**Brief**. Please return the listing below word for word, minus its pictures.

**Data block**.
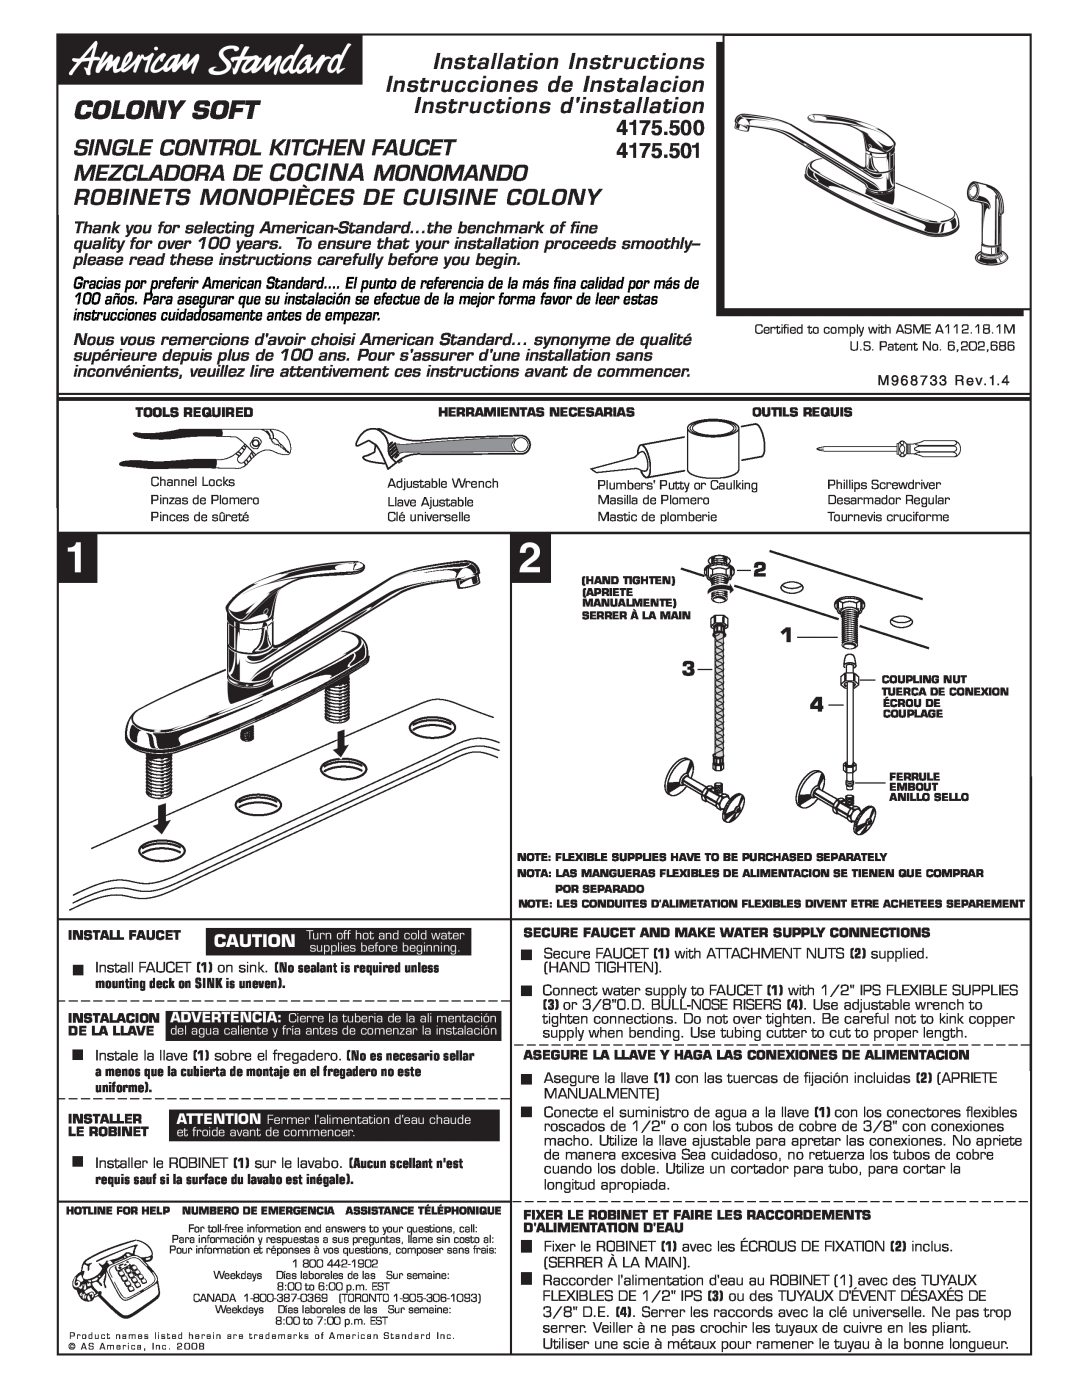 American Standard 4175.501 installation instructions Colony Soft, Installation Instructions, Instrucciones de Instalacion 
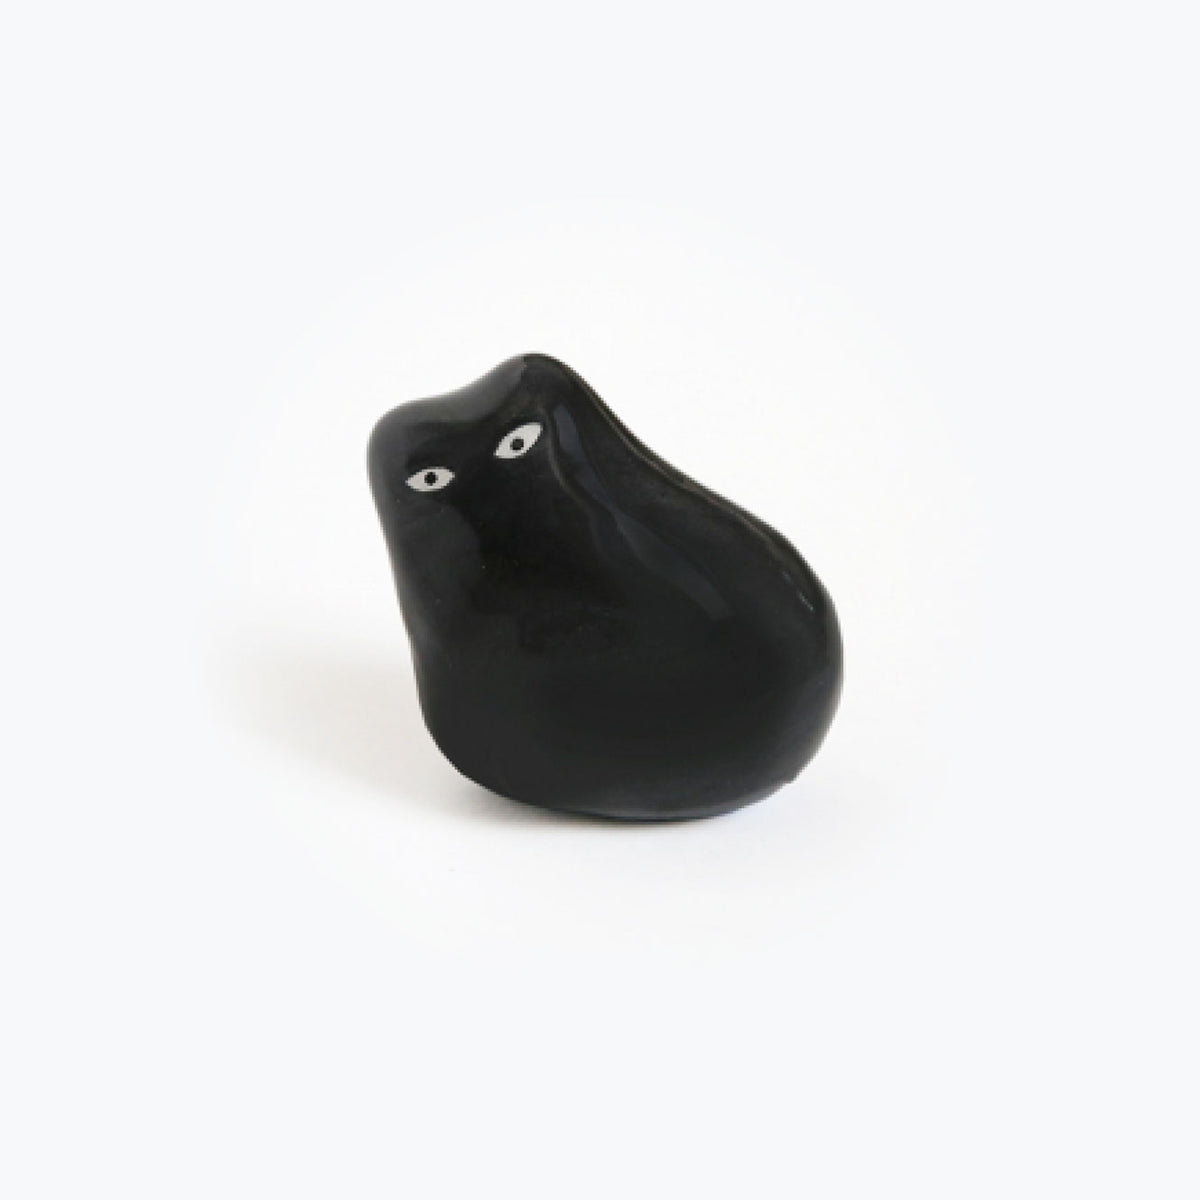 Dodo Toucan - Charm - Ceramic Sculpture - Daydreamer Cat
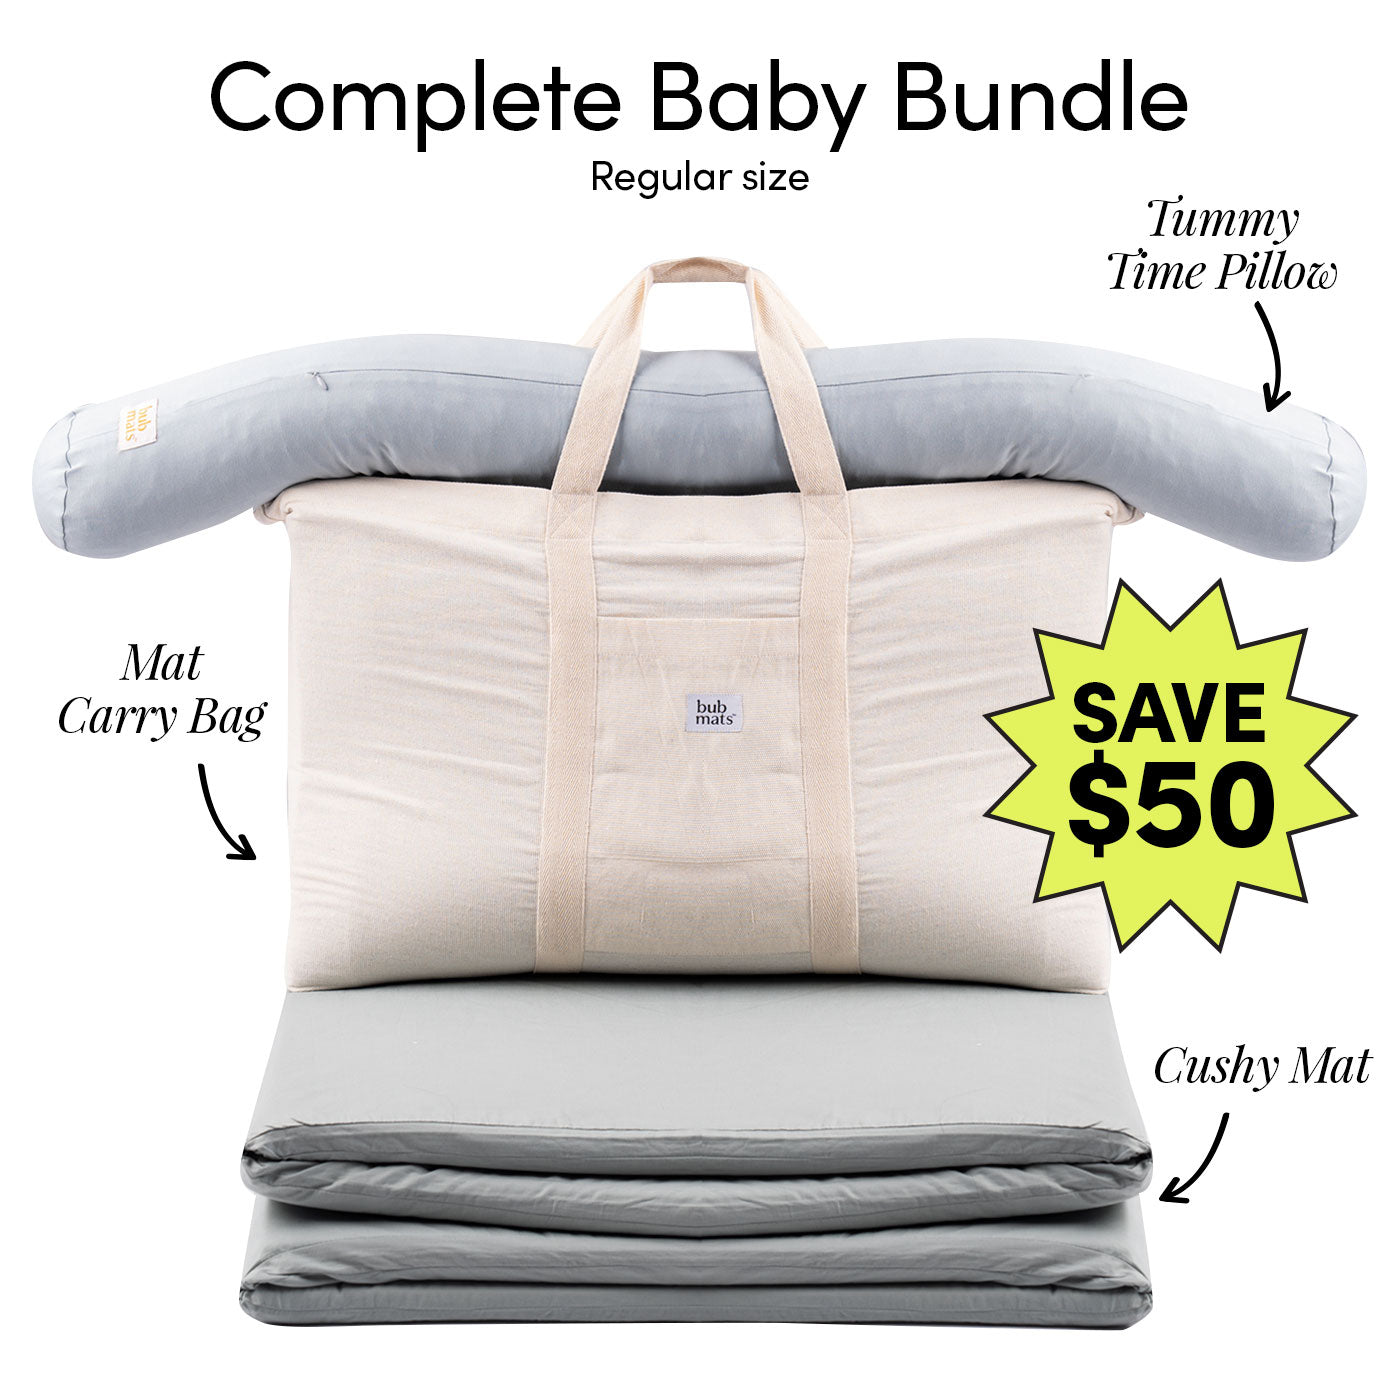 The Complete Baby Bundle · Regular

**Response to the exercise**.
 American Standard 4175.501 installation instructions Colony Soft, Installation Instructions, Instrucciones de Instalacion 
 Dodo Toucan - Charm - Ceramic Sculpture - Daydreamer Cat
 The Complete Baby Bundle · Regular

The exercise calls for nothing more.